- **TASK**
Repeat the following data exactly, omitting pictures.

[SOURCE DATA — start]

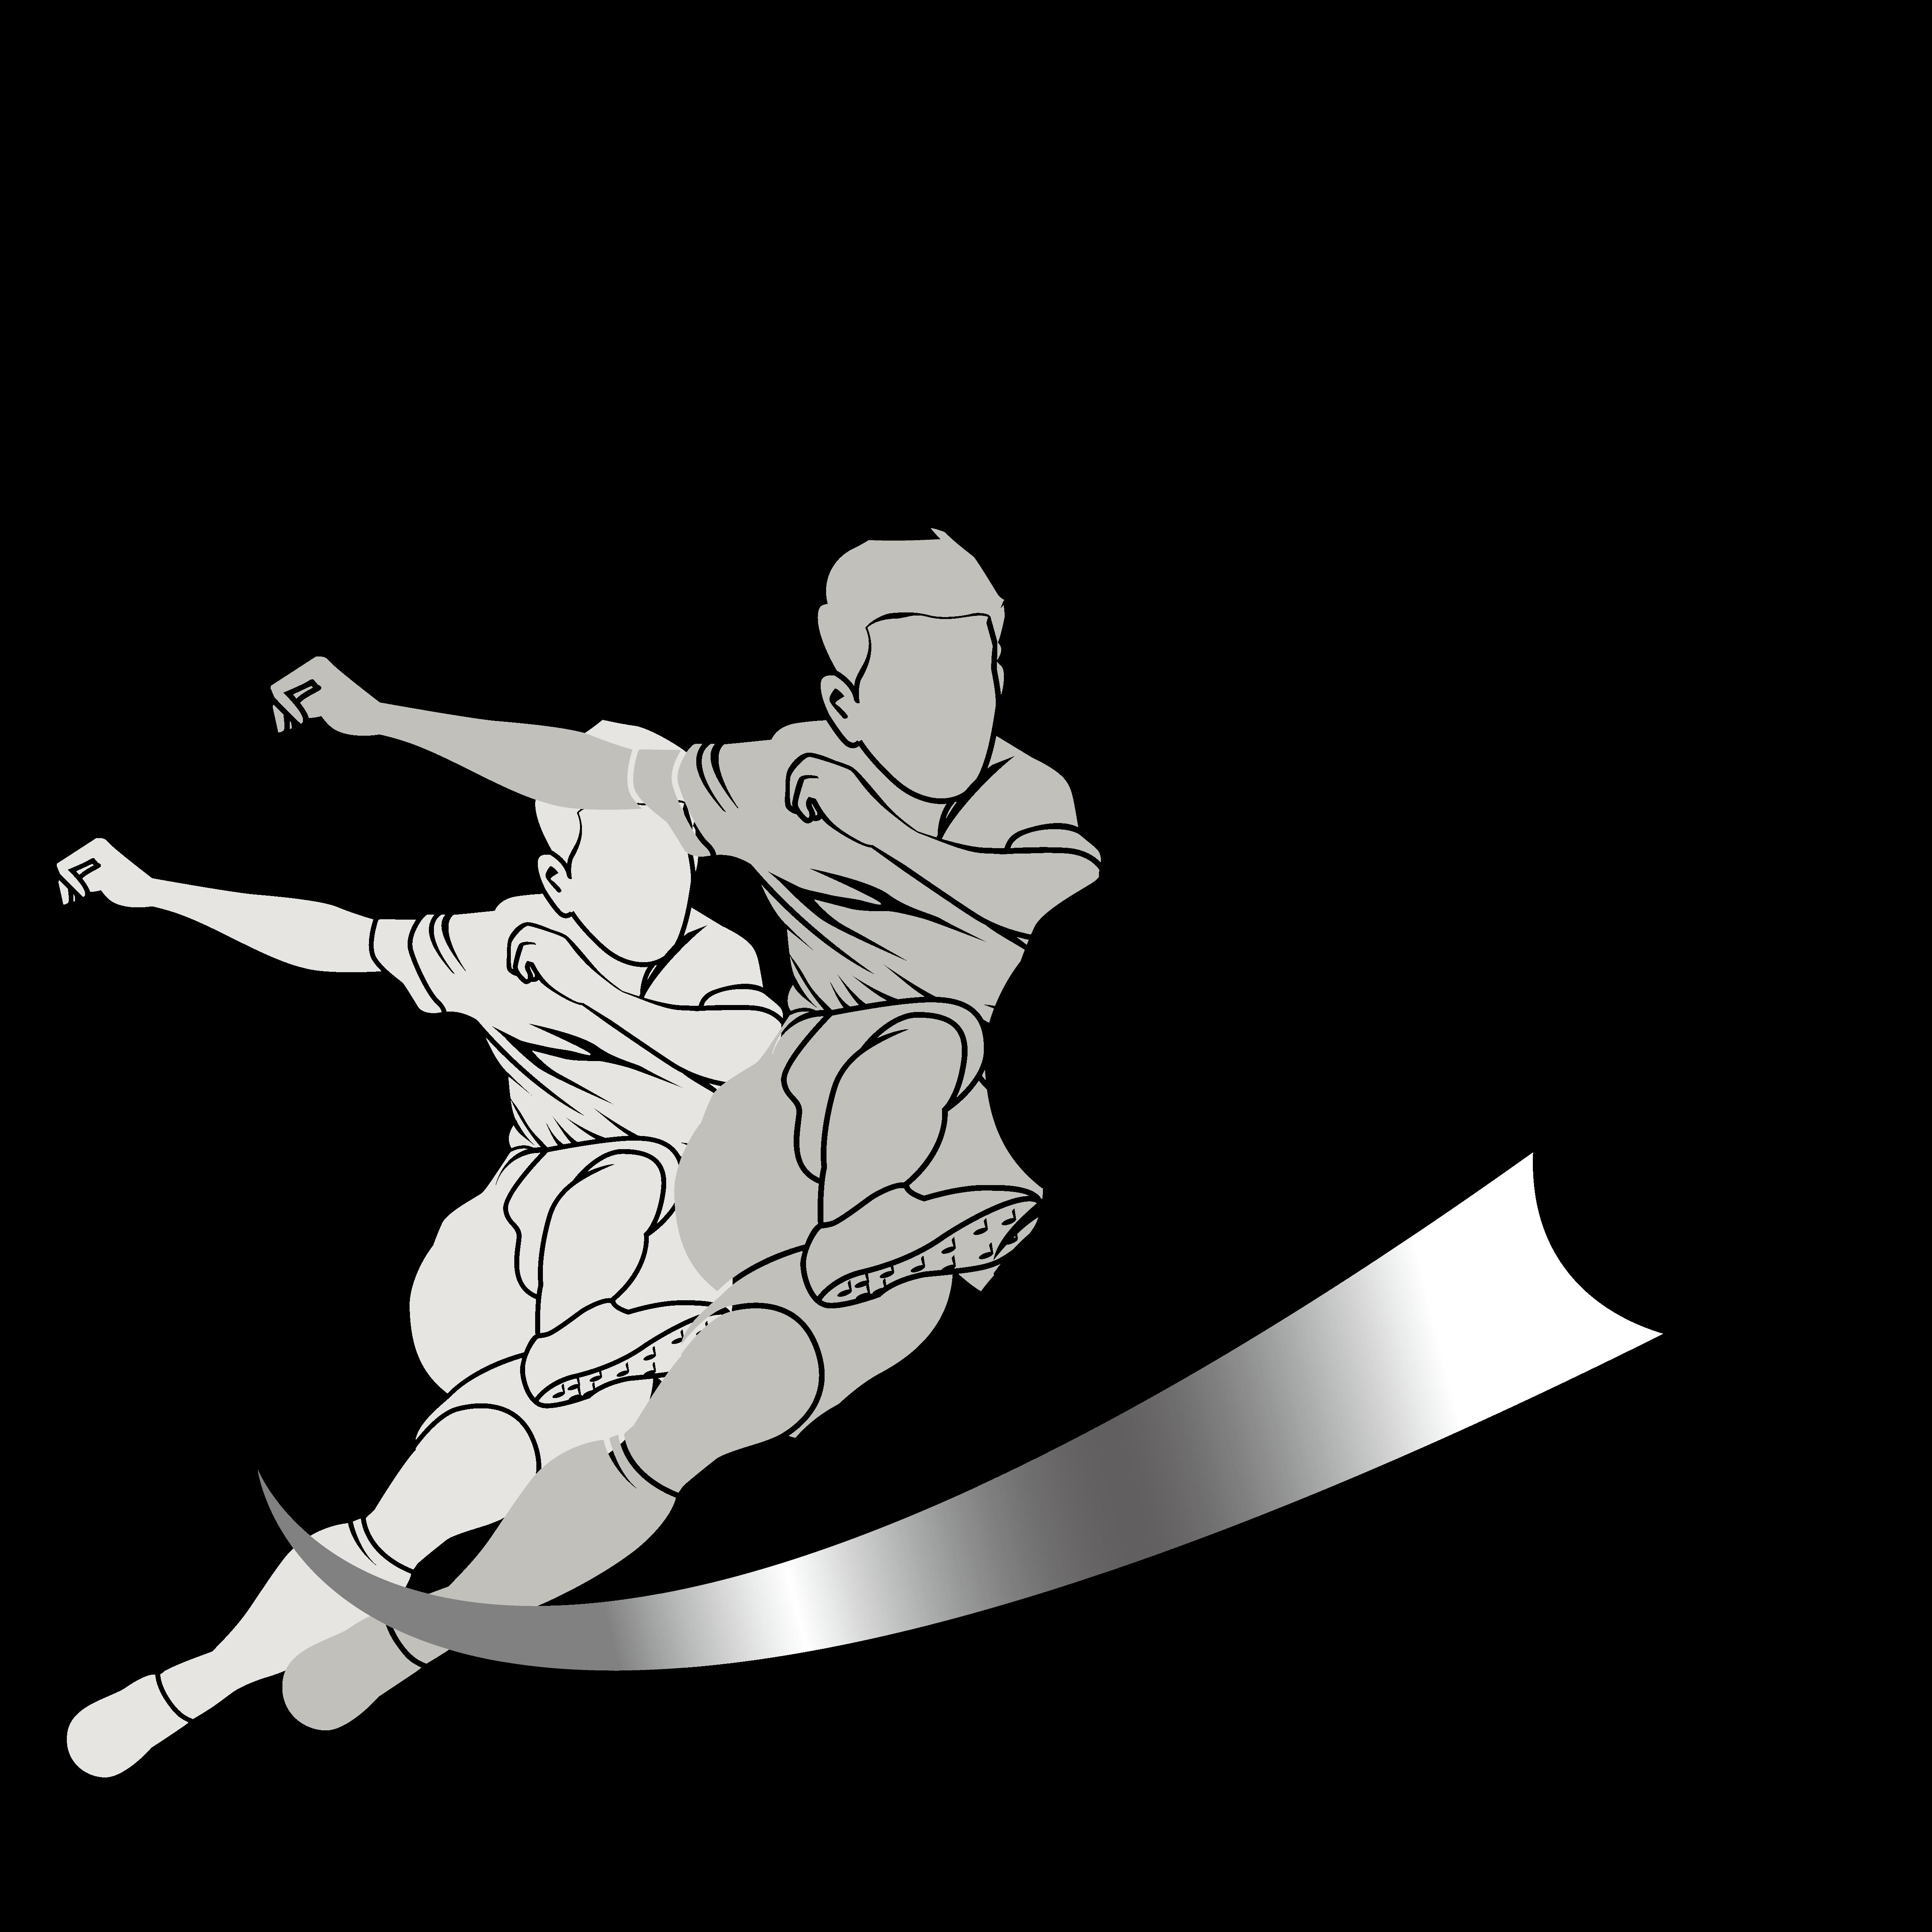 Player Football Sport Kick Free Transparent Image Hd Football Images Football Sports Gallery
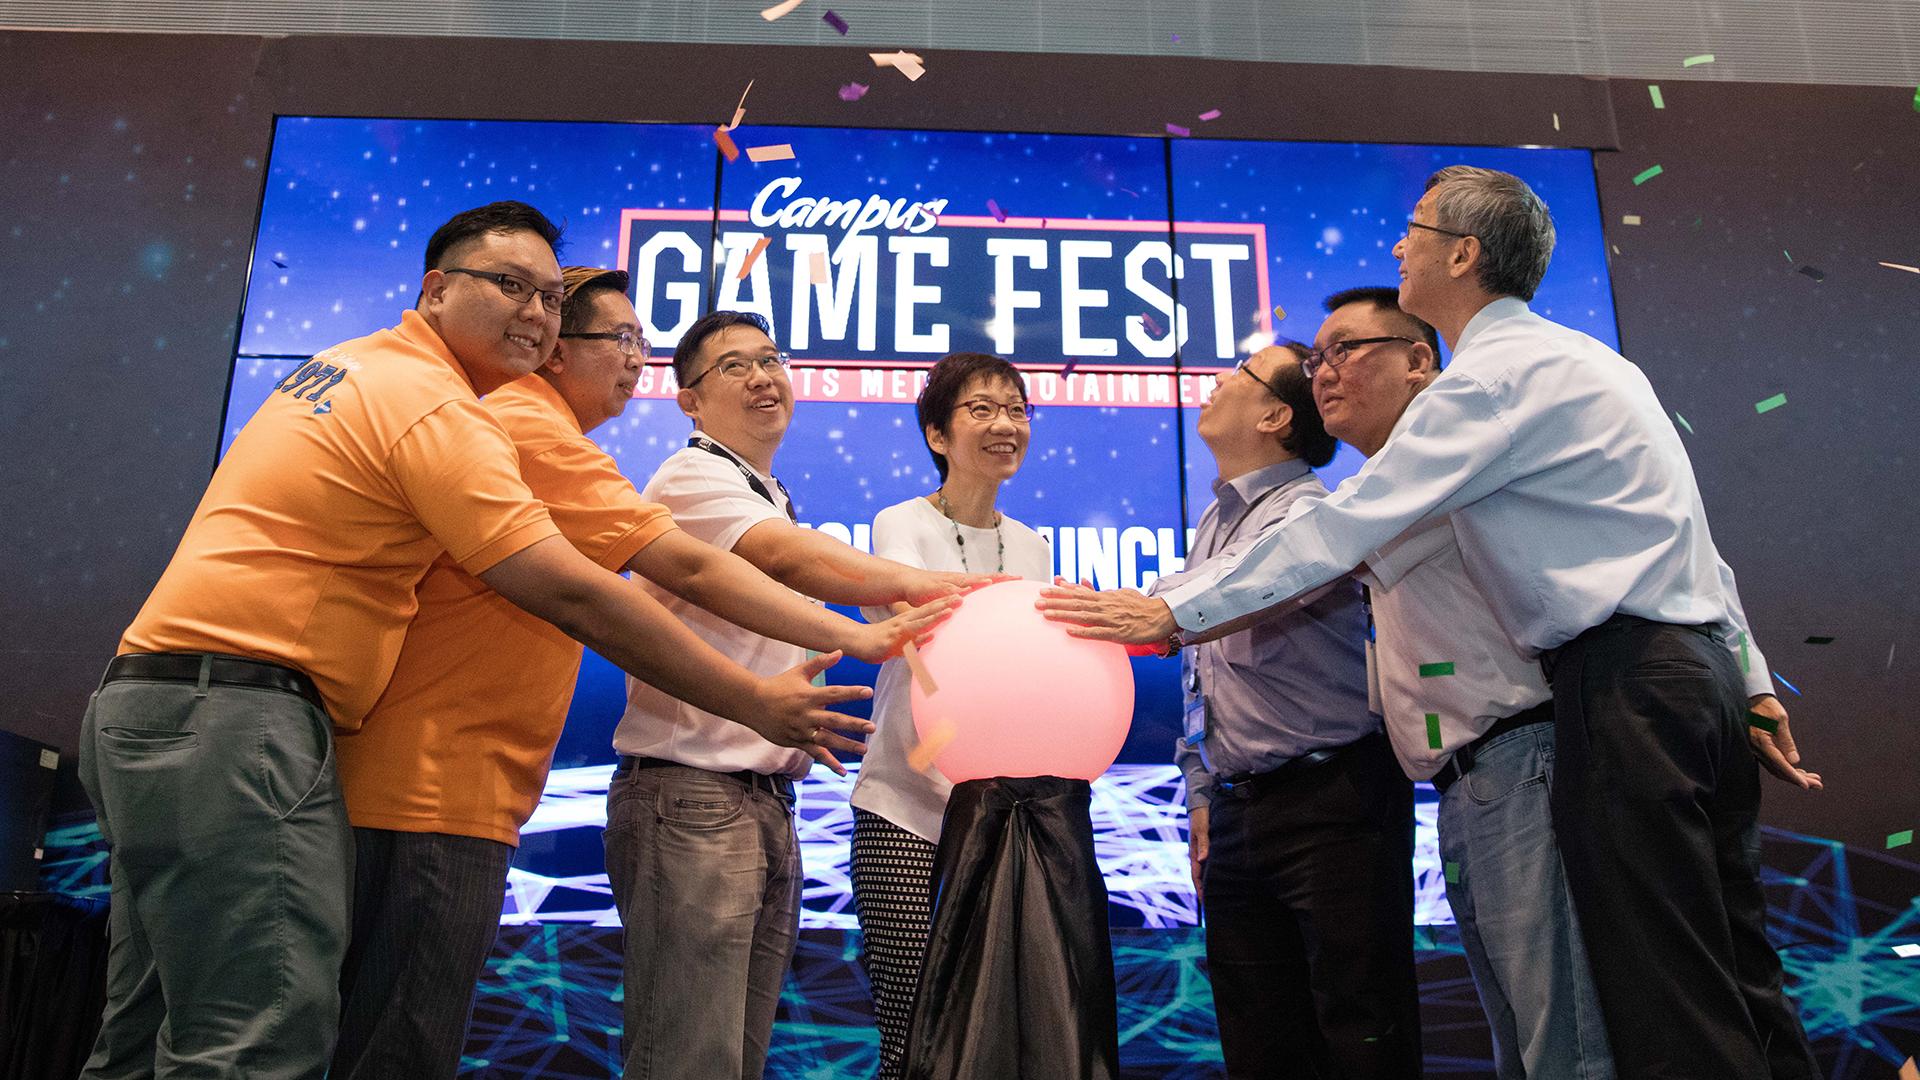 Campus Game Fest 2016 - Opening
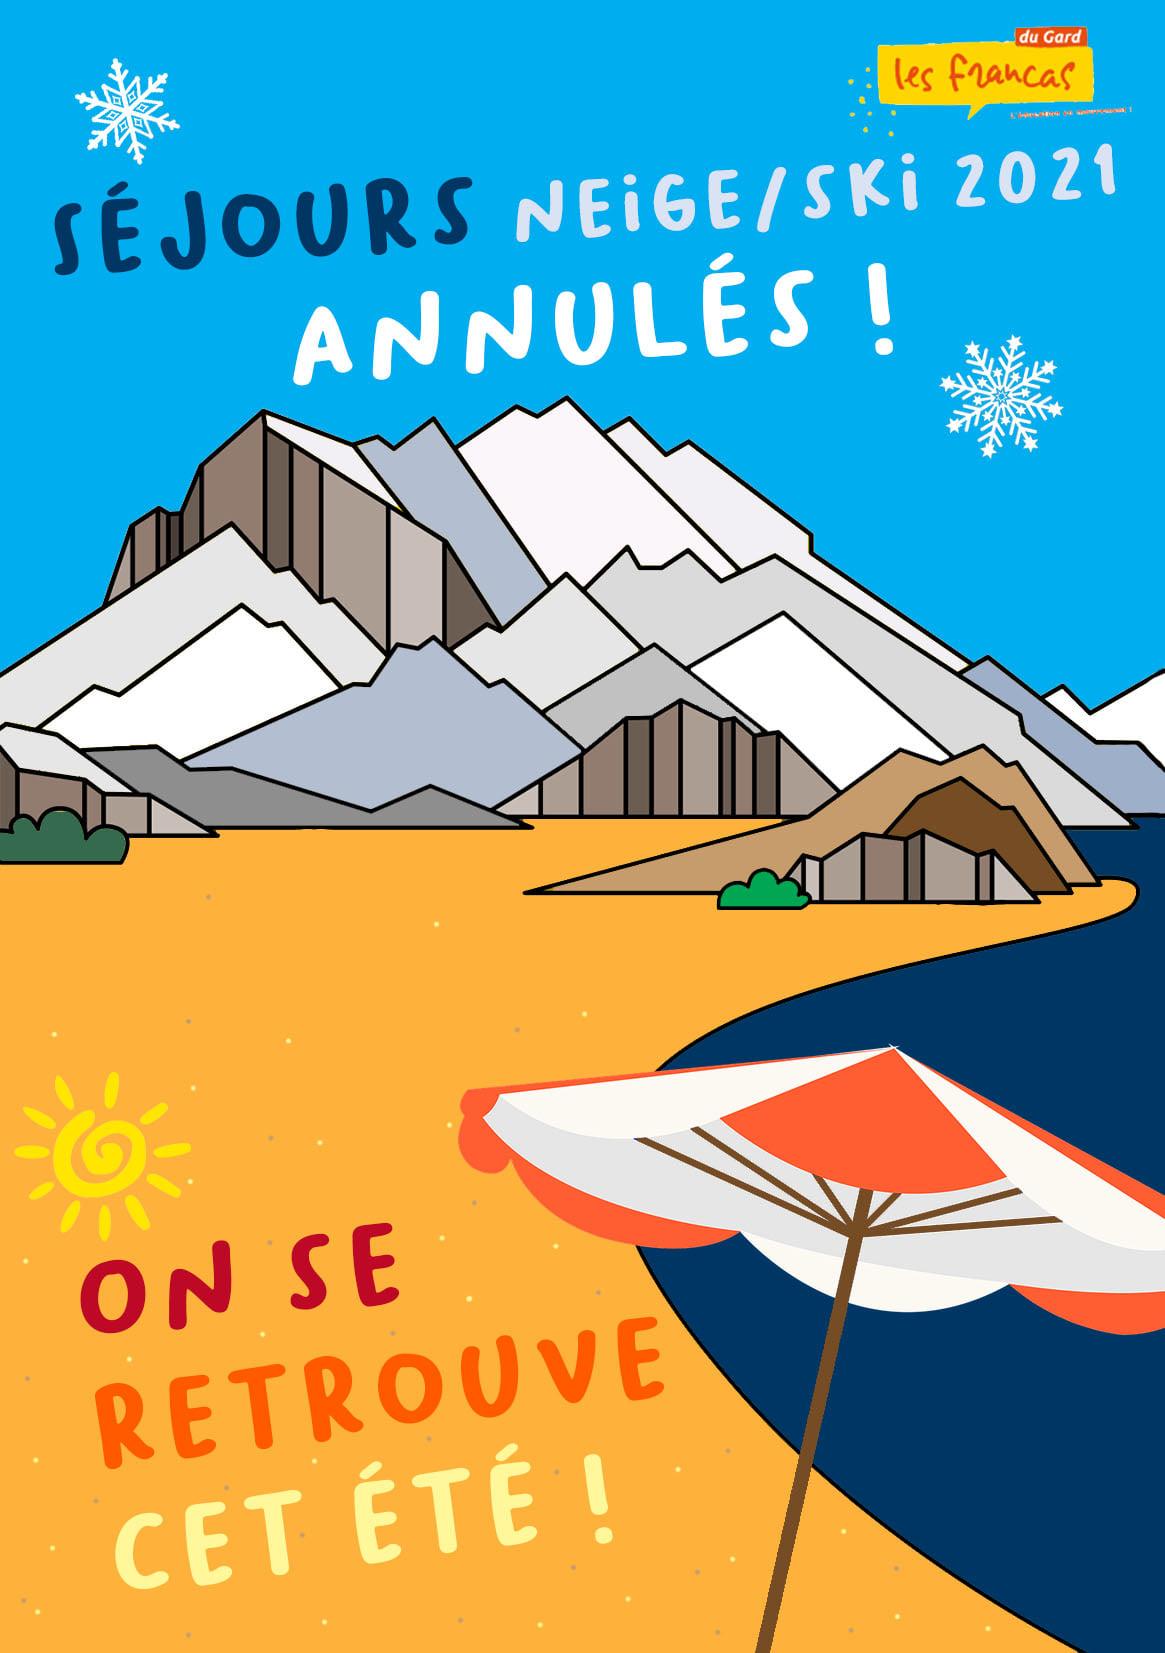 Annulation des séjours Neige et Ski 2020

[SOURCE DATA — finish]

- **RESPONSE AREA**
 Player Football Sport Kick Free Transparent Image Hd Football Images Football Sports Gallery
 Campus Game Fest 2016 - Opening
 Annulation des séjours Neige et Ski 2020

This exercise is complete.